Those lips that Love's own hand did make
Breath'd forth the sound that said I hate
To me that languish'd for her sake:
But when she saw my woeful state,
Straight in her heart did mercy come.
— excerpt from From Sonnet 45, the only actual words by Shakespeare in Shakespeare's Will.
Kristin Wold

One of many bits of prop transformation wizardry to enliven Kristin Wold's solo performance (Photo credit: Kenneth Sprague)
The good news first: Kristin Wold is a versatile and energetic enough performer to avoid stasis, which is the the prime danger of any solo play and director Daniela Varon has provided her with a production that allows her to make this a true star turn. And Vern Thiessen has once again written a play tied to actual characters or situations, in Shakespeare's Will, his focus is on Shakespeare's wife Anne Hathaway and the fact-based jump starting event her return from her husband's funeral to await the arrival of his sister for the reading of his will.

The not so good news: The script gives is an actor's gift, allowing the narrating main character to speak in numerous voices (among them the Bard, his sister, her father) and even to sing and dance. And Varon and her designers enable Wold to make effective use of costumes and props to make for a lively visual presentation. Particularly effective is a box-like contraption that's covered with a cloth inscribed with parts of the sonnet that represents the play's only words by Shakespeare . When that cloth is pulled down and the now bare box swings around to become a bed that cloth becomes a bedpread for the scene in which Thiessen has Anne and Shakespeare vow to have an unconventional marriage and he reads her the sonnet which he says he has written for her.

Unfortunately, Thiessen's link to one of the few facts known about Shakespeare's marriage — his will bequeathing her their Stratford home's best bed but not the house — isn't enough to give his otherwise imagination propelled text a really compelling raison dêtre. And clever and helpful as the inventive uses to which those props and costumes are put they tend to get to be a bit too much— and after a while as much intended to help cover up the play's weakness as to help Wold enliven and enrich her performance.

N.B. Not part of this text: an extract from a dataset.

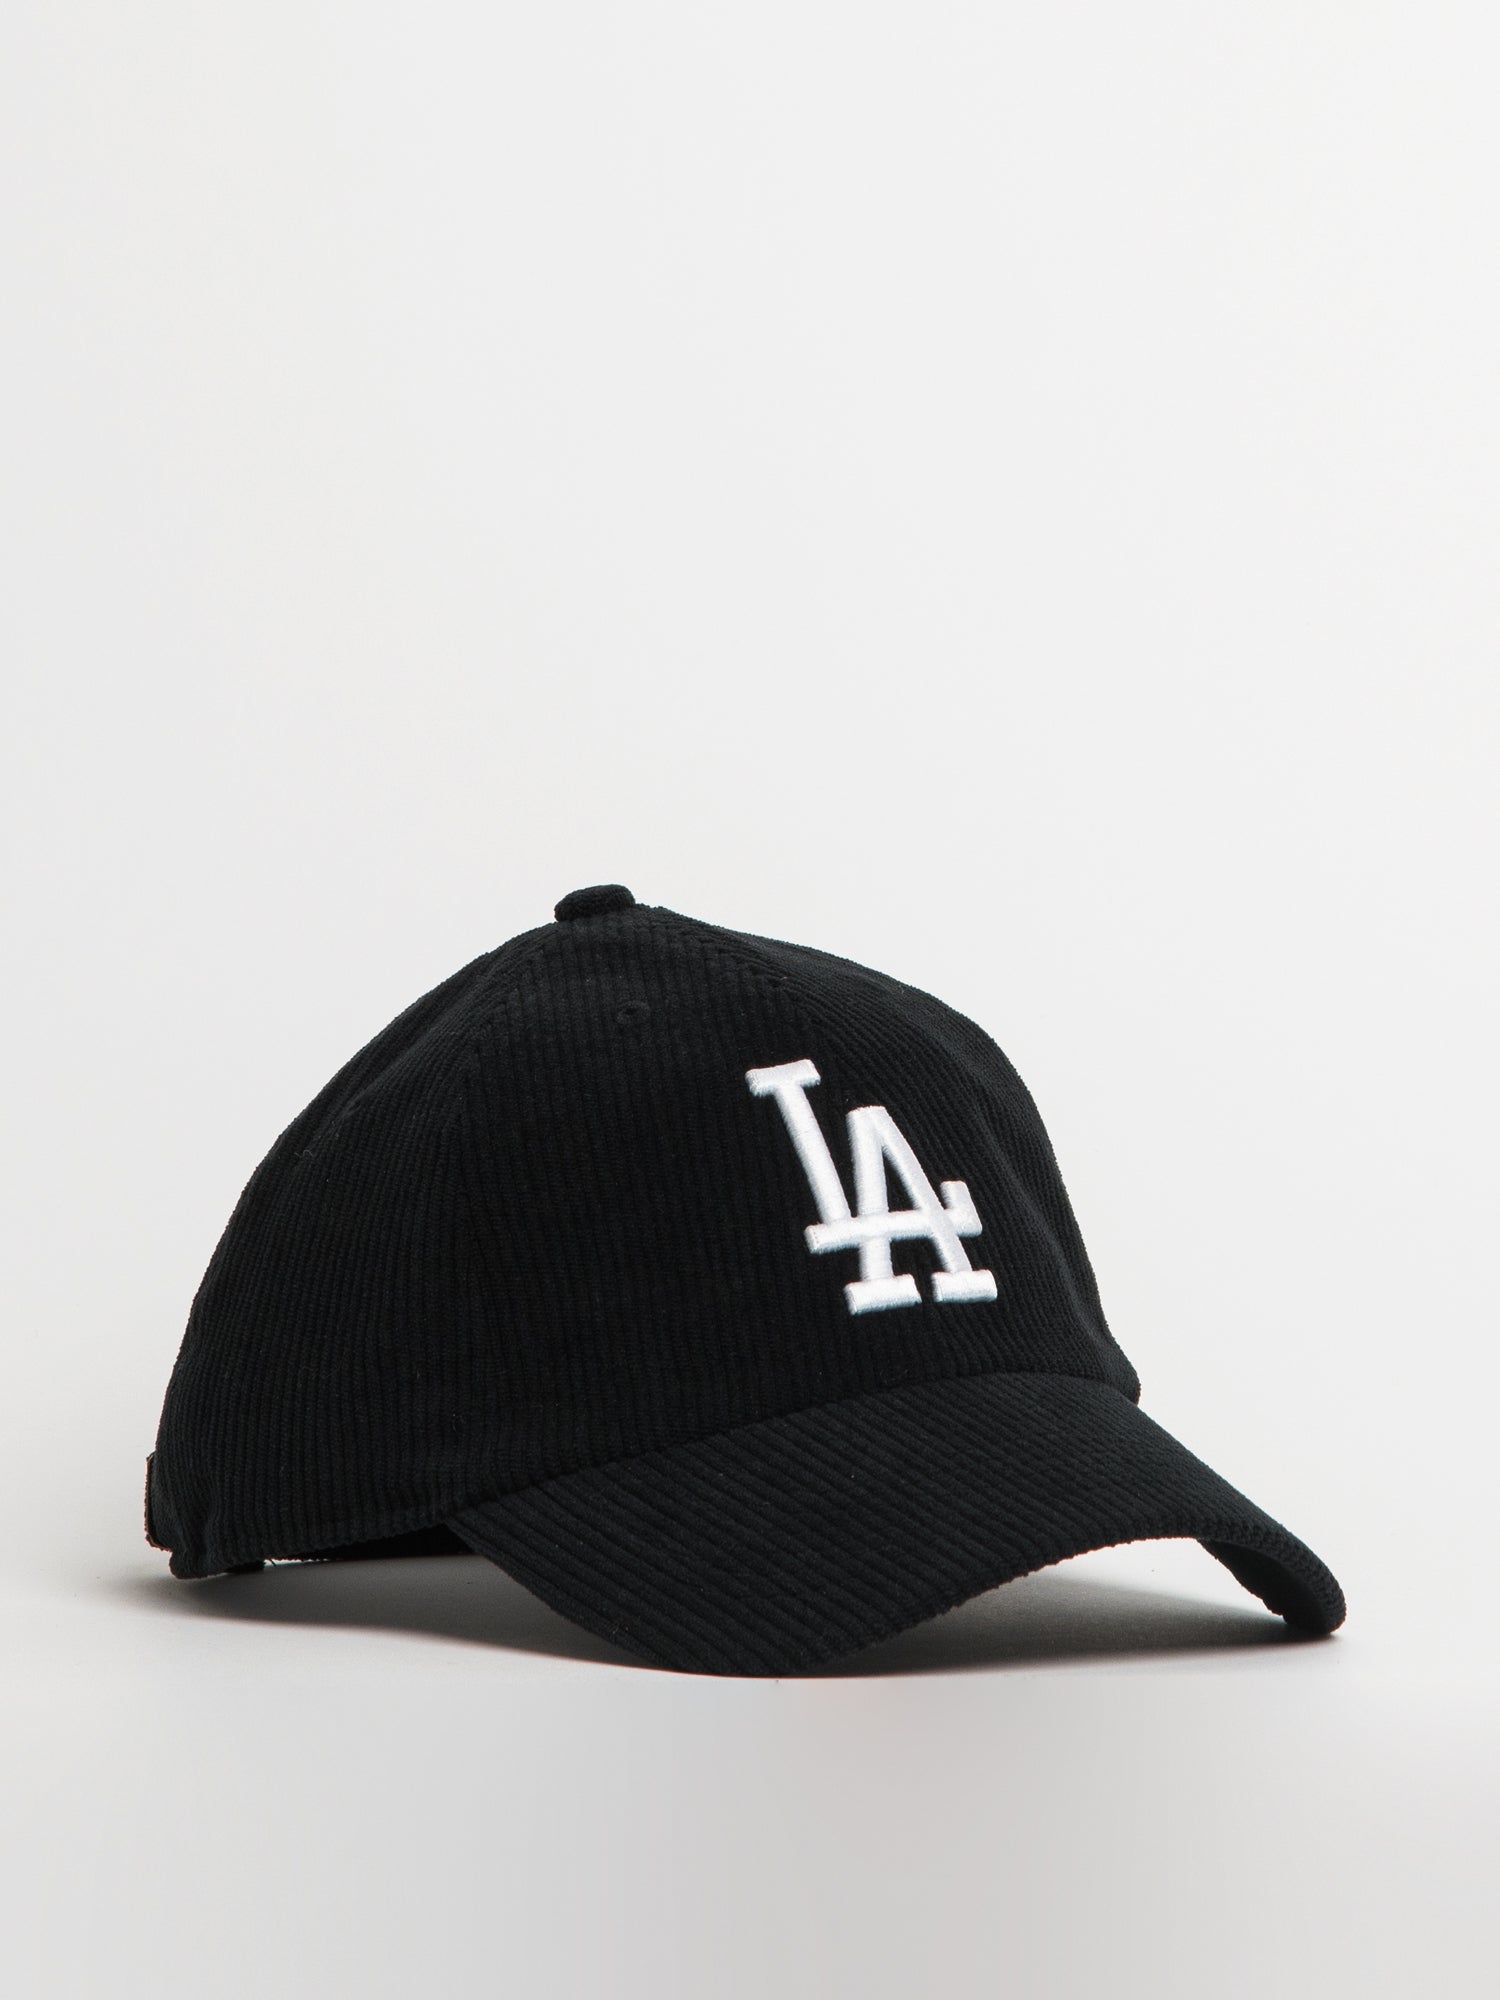 47 47 Mlb La Dodgers Thick Cord Hat Blue 1SZ

An item becomes an infant cuddled by Kristin Wold (Photo: Kenneth Sprague
An so to summarized the good and the bad together: A bravura performance, well supported by its director and her team, but a story that sheds no light on our most gifted and enduring wordsmith. And let's face it, without the Shakespeare connection there's nothing in Mr. Thiessen's attempt to give Anne Hathaway a voice to make her story compelling. Granted the Everywoman's voice Thiessen gives her makes her a woman ahead of her time in that she was the consenting partner in a sort of 16th century open marriage. However, but this is a small claim to enduring fame, compared to her justifiably famous husband. What's more the will of the title is ultimately mostly a device, a magnet word in the title to attract audiences. Rephrasing Rabbi Harold Kusner's often quoted comment about dealing with bad luck ("When bad things happen to good people"), perhaps best puts this sum-up into the perennial nutshell: Shakespeare's Will is a case of a not so good play happening to a bravura performance.

The three previous plays by Vern Thiessen that I've seen were also intriguing but flawed. Einstein's Gift (2007) , tackled a science play with some scientific jargon easily accessible and with never a dull moment. Lenin's Embalmers (2010) was an entertaining dram about the embalming of Vladimir Lenin in 1924 ordered by Stalin as a means to "immortalize communism" and keep its spirit alive. A More Perfect Union (2009) explored the fictional relationship of two law clerks in the Supreme Court. Clearly this author is prolific enough and with a wide enough range of interests to continue on an upward career spiral.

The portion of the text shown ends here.